Mary Theresa Kerr d 16 June 1967

Mary Kerr was born 7 August 1879 in West Charleston, Vermont, daughter of John Kerr of Ireland and Mary Scarry (or Scurry) of Newfoundland.  In 1880, the family was counted in the census living in Charleston.  John was a farmer. 

On 2 September 1895, Mary married William W Hall in Barton.  She was 16, he was, 27, a laborer from Rupert VT.  In the marriage record, she was called “Mamie”.  Their son Clarence Francis Hall was born in 1897 in Barton, and died in 1918 at at Camp Colt at Gettysburg PA.  Notes say that he died during World War 1, so he might been one of the 140 soldiers who died there during the flu epidemic.  William Vincent Hall was born in 1900, and died in 1948 of a gunshot wound to the head.  The record does not say whether it was suicide, homicide, or accidental.  He had been married twice, and had four children.  Mary’s daughter Mildred was born in 1902 in Barton.  She married (and apparently divorced) Edward Benoit, then Perley Batchum.  Mary and William Hall were in the 1900 census in Brownington. 

William apparently died in 1901.  A posted family tree on Ancestry says he died in Maine but I have not found a record for that.

Mary Kerr Hall married Joseph H Labor on 15 December 1904.  The record says that they were married in St. Johnsbury, but the marriage was recorded in Barton.  Joseph was the son of Joseph Labor and his second wife, Lydia Ann Degoosh, both of Quebec, and it was his second marriage as well.

Joe and Mary had eight children:  Beatrice Pearl (1905-1992), Carlos Bertrand (1907-1990) Marion Elizabeth (1910-1076), Dorothy Edna (1912-2008), Merton Joseph (1915-1986), Clair Francis (1919-1919), Genevieve Elaine (1924-1988).   I also have a daughter listed named Blanche, but cannot find documentation for her.

The 1910 census shows the family living in Westmore, where Joseph was a dairy farmer.  The household included Mary’s mother.  About 1914, Joe traded his farm on Dane Hill in Charlestown for the Birch Grove Store.  This was probably on Willoughby Lake, where Joe operated the “Kewaydin”, probably the last steamer on the Lake. 

In 1920 the family lived in Barton, and Mary’s husband was a laborer in the lumber industry.  Mary’s mother still lived with the family, as did Joe’s uncle, Thomas DeGoosh.    In 1926 Joe leased the Normandy Café in Barton.  This was in the basement of the Flood Block, and this block of buildings has since burned. 

In 1930, Mary’s husband worked as a chef in a restaurant in Orleans village.  He was counted in Orleans, and also with his family in Barton, where he was listed as a proprietor of a restaurant.  They lived on High Street.             

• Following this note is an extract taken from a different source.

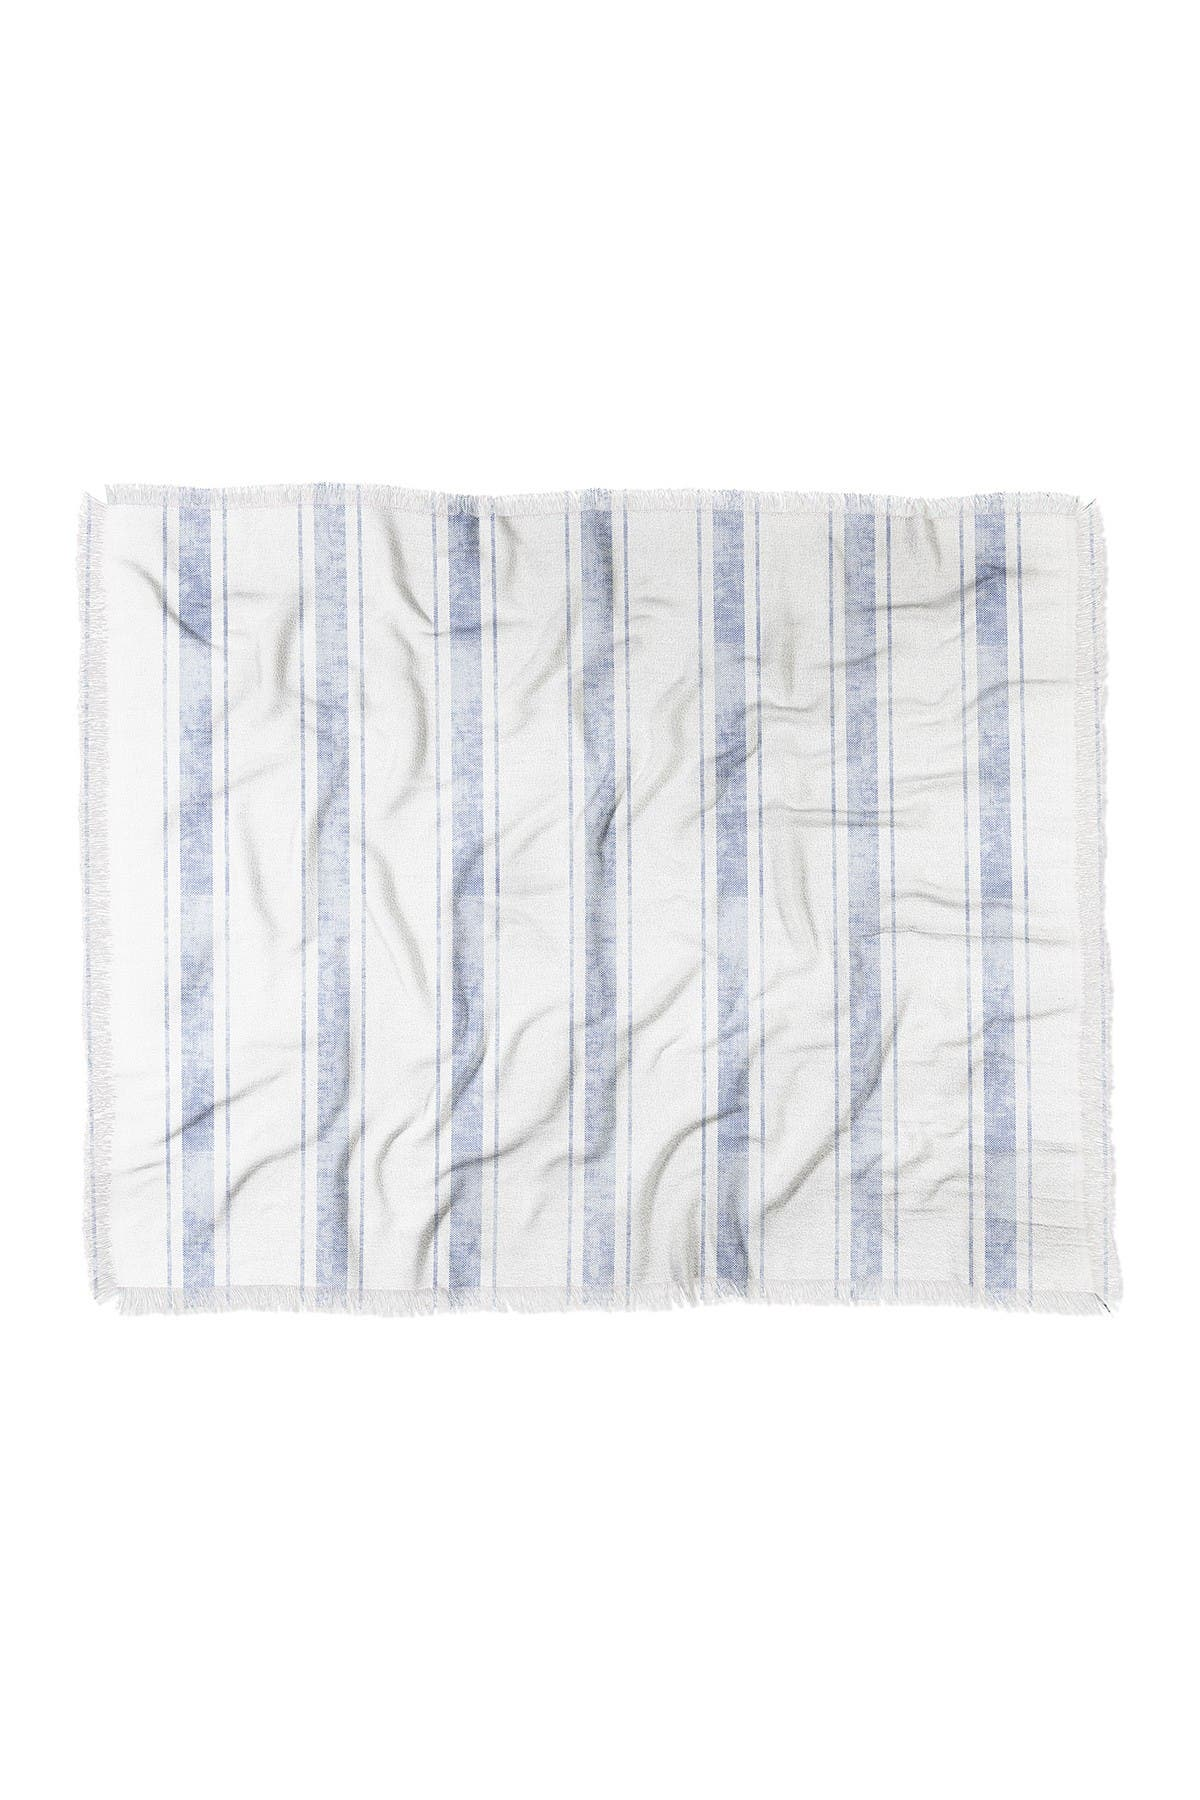 "Image of Deny Designs Holli Zollinger Aegean Bold Stripe Woven Throw Blanket - 60"" x 50"""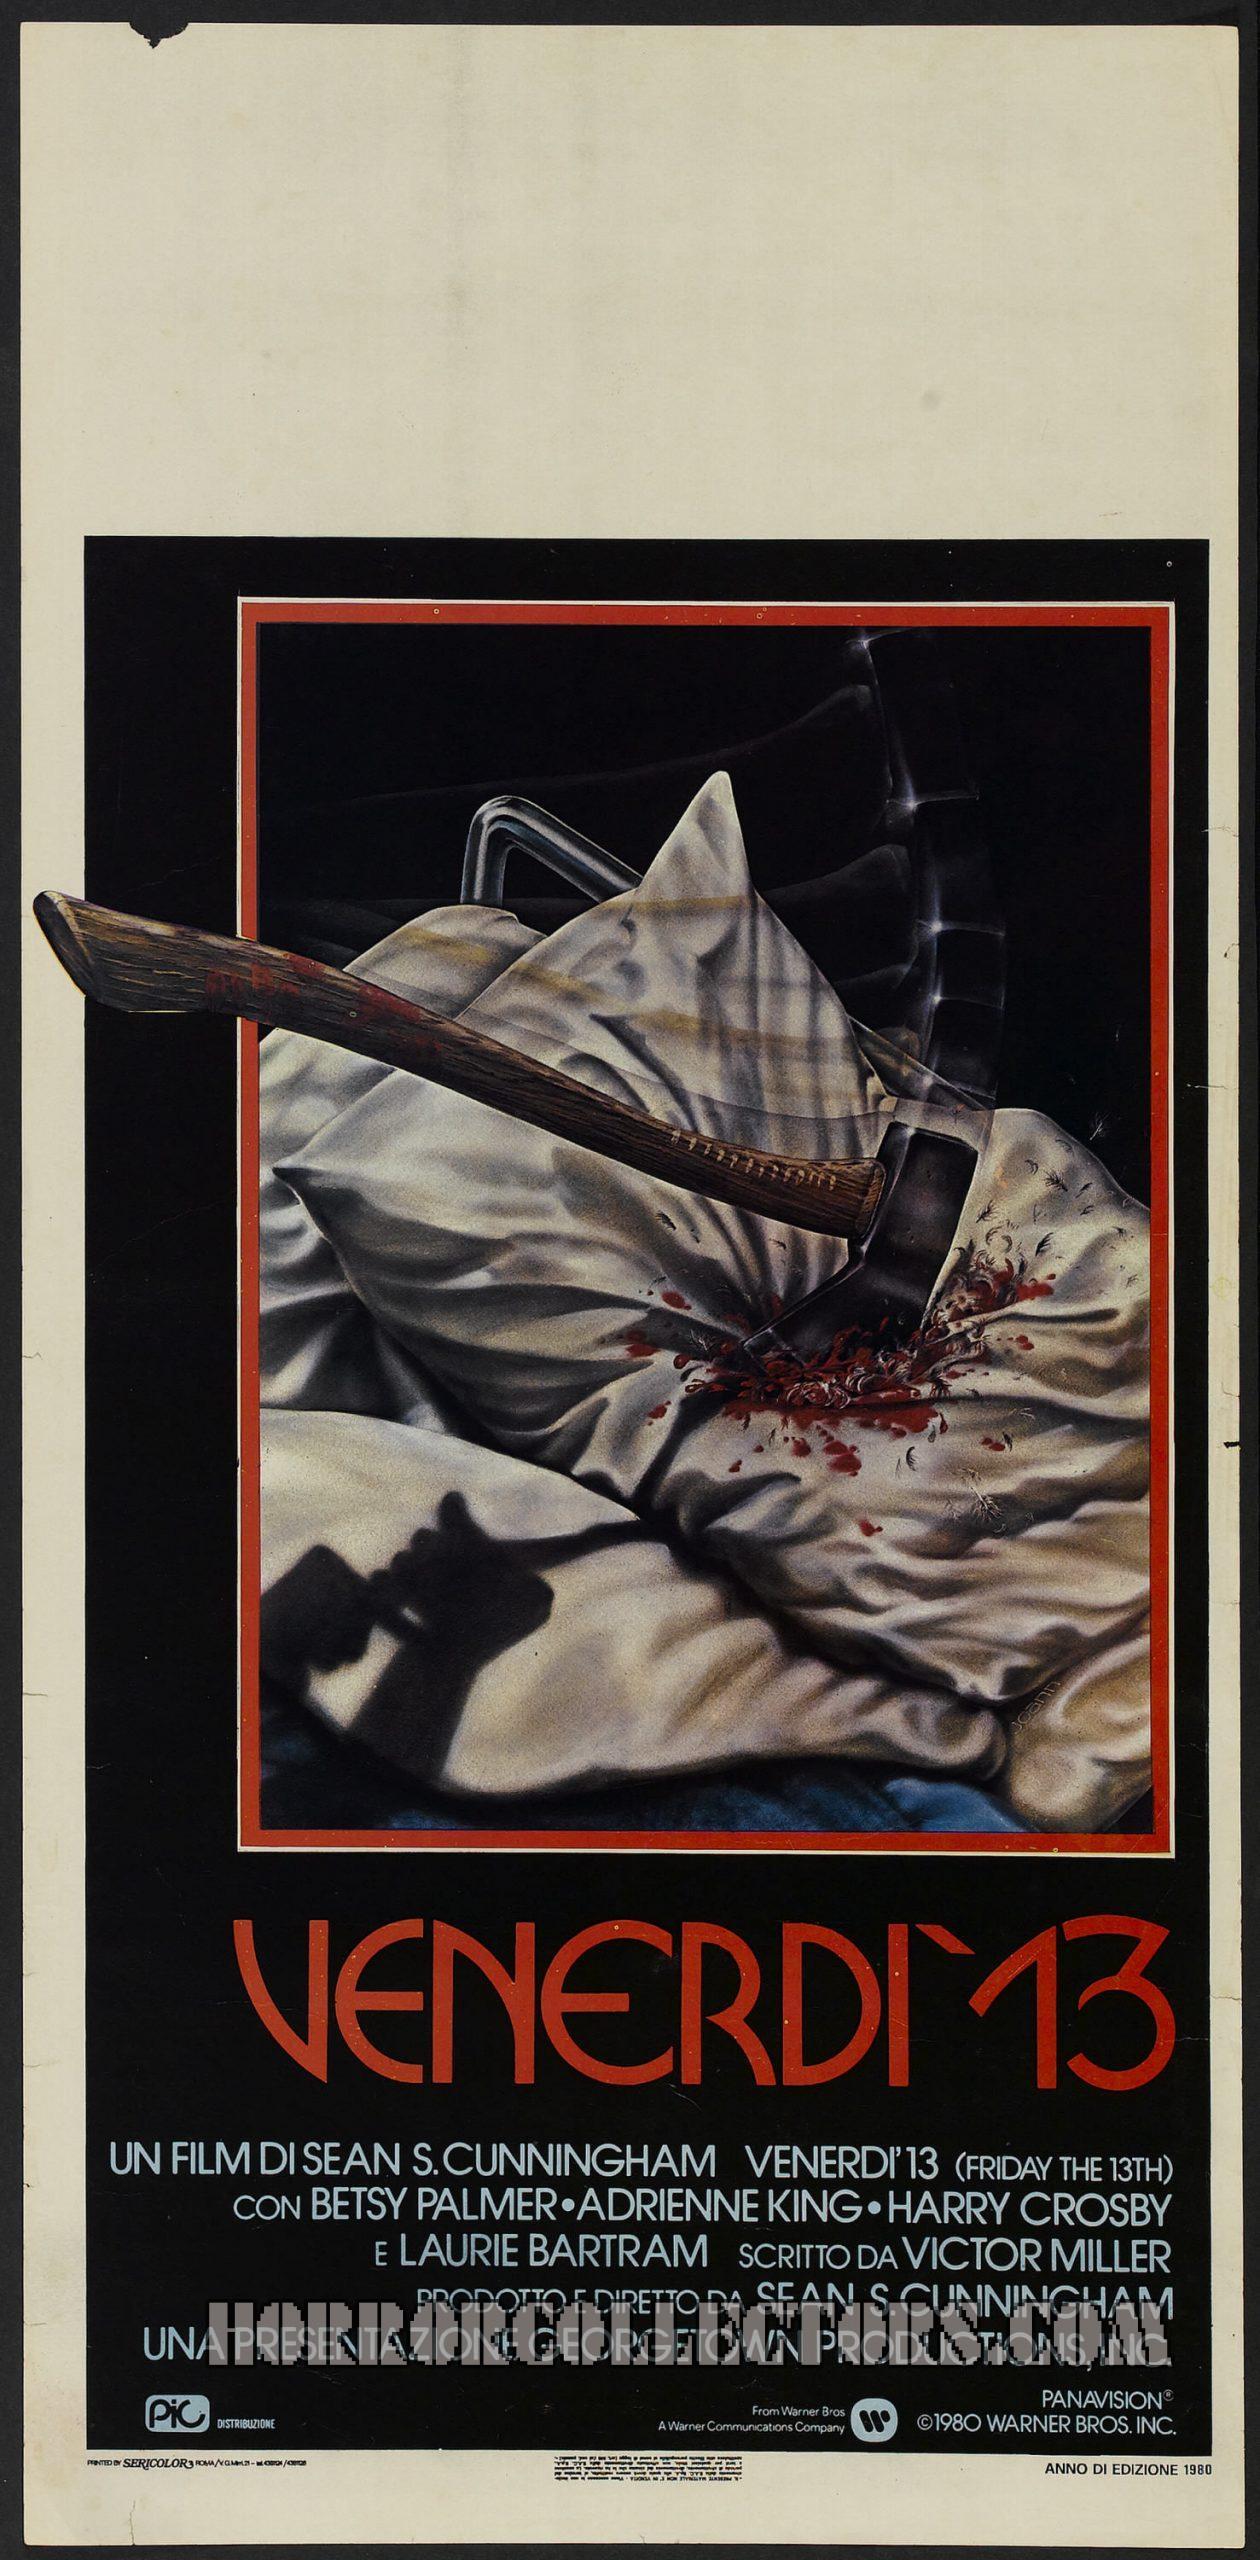 Friday the 13th Italian Locandina Poster Venerdi 13

Mary’s husband Joe died in an automobile accident on 19 September 1936.  He had been working as a cook at a lumber camp in Charleston.  The driver and another passenger in the car were charged with stealing his pay from him at the time of the accident.  One of the people was acquitted, and I don’t know the outcome of the charges for the other person.  The money had been recovered, and hopefully it was given to Mary.  Joseph was buried at Lakeview Cemetery in Westmore VT. 

In 1940, Mary lived in the house she owned on High Street in Barton, with her youngest child, Genevieve.  She worked as a practical nurse in a private home.  Next door was her son Carl and family.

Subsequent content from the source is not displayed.